What is now Route 45 was originally designated as a segment of pre-1927 Route 6 in 1917. This route was to head south from Camden and follow Route 45 to Mullica Hill, where it split into two branches, with one going to Salem on current Route 45 and another going to Bridgeton on current Route 77. In the 1927 New Jersey state highway renumbering, pre-1927 Route 6 between Camden and Salem became Route 45. A bypass around Camden was created as the southern half of Crescent Boulevard, a part of US 130, and Route 45 was rerouted to use the bypass up to the Airport Circle in Pennsauken Township. The old alignment of Route 45 became Route 45M. In the 1953 New Jersey state highway renumbering, the northern terminus of Route 45 was cut back to its current location in Westville to avoid the concurrency with US 130.

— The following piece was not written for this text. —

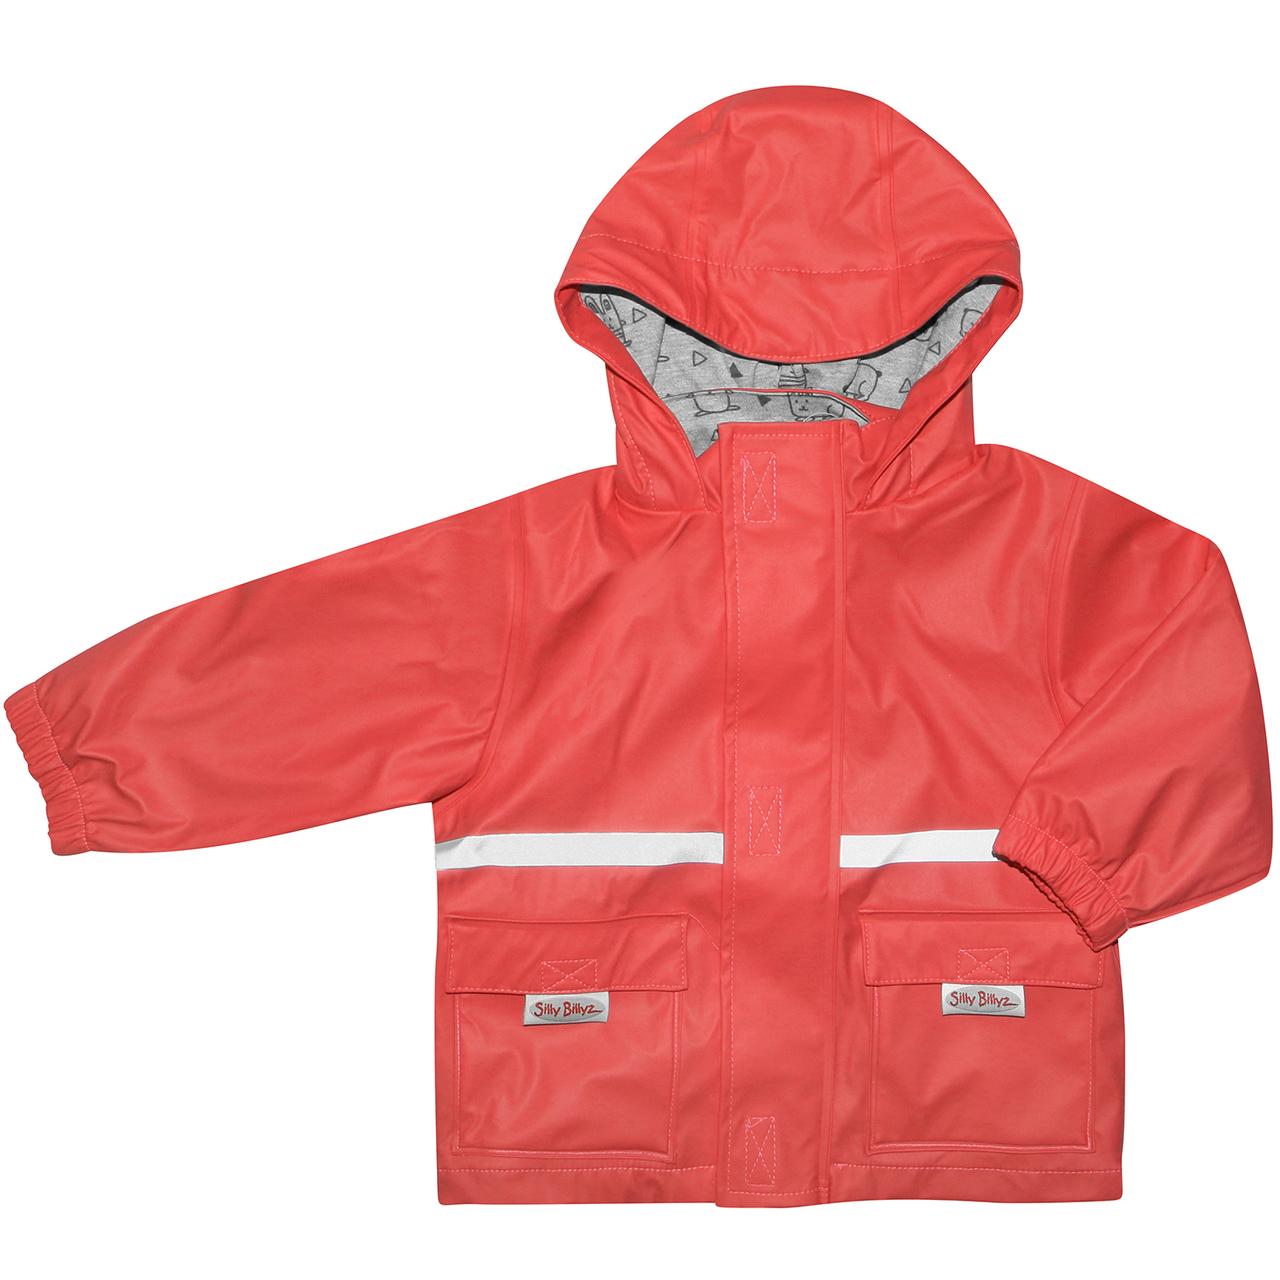 Silly Billyz Waterproof Jacket - Red (3-4 Yrs) image

In the late 1960s, the Delaware Valley Regional Planning Commission (DVRPC) proposed construction of a 10 mi long, $20 million freeway along the Route 45 corridor in Gloucester County which would have extended from Exit 24 of I-295 in Woodbury to a planned US 322 freeway in Mullica Hill. The New Jersey Department of Transportation never followed through on this proposal. A portion of Route 45 was widened to four lanes from the border of Woodbury to the border of Mantua Township by the 1980s. In 2012, the Mullica Hill Bypass was completed, and US 322 was removed from its concurrency with Route 45.

==Major intersections==

| County | Location | mi | km | Destinations | Notes |
| Salem | Salem | 0.00 | 0.00 | Route 49 (Broadway) – Bridgeton, Millville, Pennsville | Southern terminus |
| Mannington Township | 2.12 | 3.41 | CR 540 west (Bypass Road) to N.J. Turnpike – Delaware Memorial Bridge | South end of CR 540 overlap |
| 3.29 | 5.29 | CR 540 east (Welchville Road) – Alloway | North end of CR 540 overlap |
| Pilesgrove Township | 8.80 | 14.16 | US 40 west (Harding Highway) to N.J. Turnpike – Delaware Memorial Bridge | South end of US 40 overlap |
| Woodstown | 9.44 | 15.19 | US 40 east (East Avenue) | North end of US 40 overlap |
| Gloucester | South Harrison Township | 15.65 | 25.19 | CR 538 (Swedesboro-Franklinville Road) – Swedesboro, Hardingville |  |
| Harrison Township | 17.40 | 28.00 | Route 77 south (Bridgeton Pike) – Bridgeton | Northern terminus of Route 77 |
| 17.78 | 28.61 | US 322 Bus. east / CR 536 east (Mullica Road) to US 322 – Glassboro, Pitman | South end of US 322 Bus./CR 536 overlap |
| 18.16 | 29.23 | US 322 (CR 536 west / CR 536A east / Swedesboro Road / Mullica Hill Bypass) to N.J. Turnpike / Route 55 – Commodore Barry Bridge, Pennsylvania, Bridgeport, Shore Points, Glassboro US 322 Bus. ends | North end of US 322 Bus./CR 536 overlap |
| Mantua Township | 22.69 | 36.52 | CR 553 Alt. south (Main Street) – Mantua, Pitman |  |
| Woodbury | 25.49 | 41.02 | CR 551 south (Salem Avenue) | South end of CR 551 overlap |
| 26.93 | 43.34 | CR 551 north (Park Avenue) | North end of CR 551 overlap |
| West Deptford Township | 27.65 | 44.50 | I-295 north to I-76 – Camden, Philadelphia | I-295 exit 24A; access to northbound I-295 and access from southbound I-295 |
| Westville | 28.51 | 45.88 | US 130 north | Northern terminus; access to northbound US 130 and access from southbound US 130 |
1.000 mi = 1.609 km; 1.000 km = 0.621 mi Concurrency terminus; Incomplete access;

==Future==
The New Jersey Department of Transportation is planning on rebuilding Route 45 in Woodbury to make it more friendly to pedestrians and bicyclists. The project calls for reducing the road from four lanes to three lanes while adding bike lanes, curb extensions to improve safety for pedestrians, and improvements to curb ramps and crosswalks. It is currently in the design stage.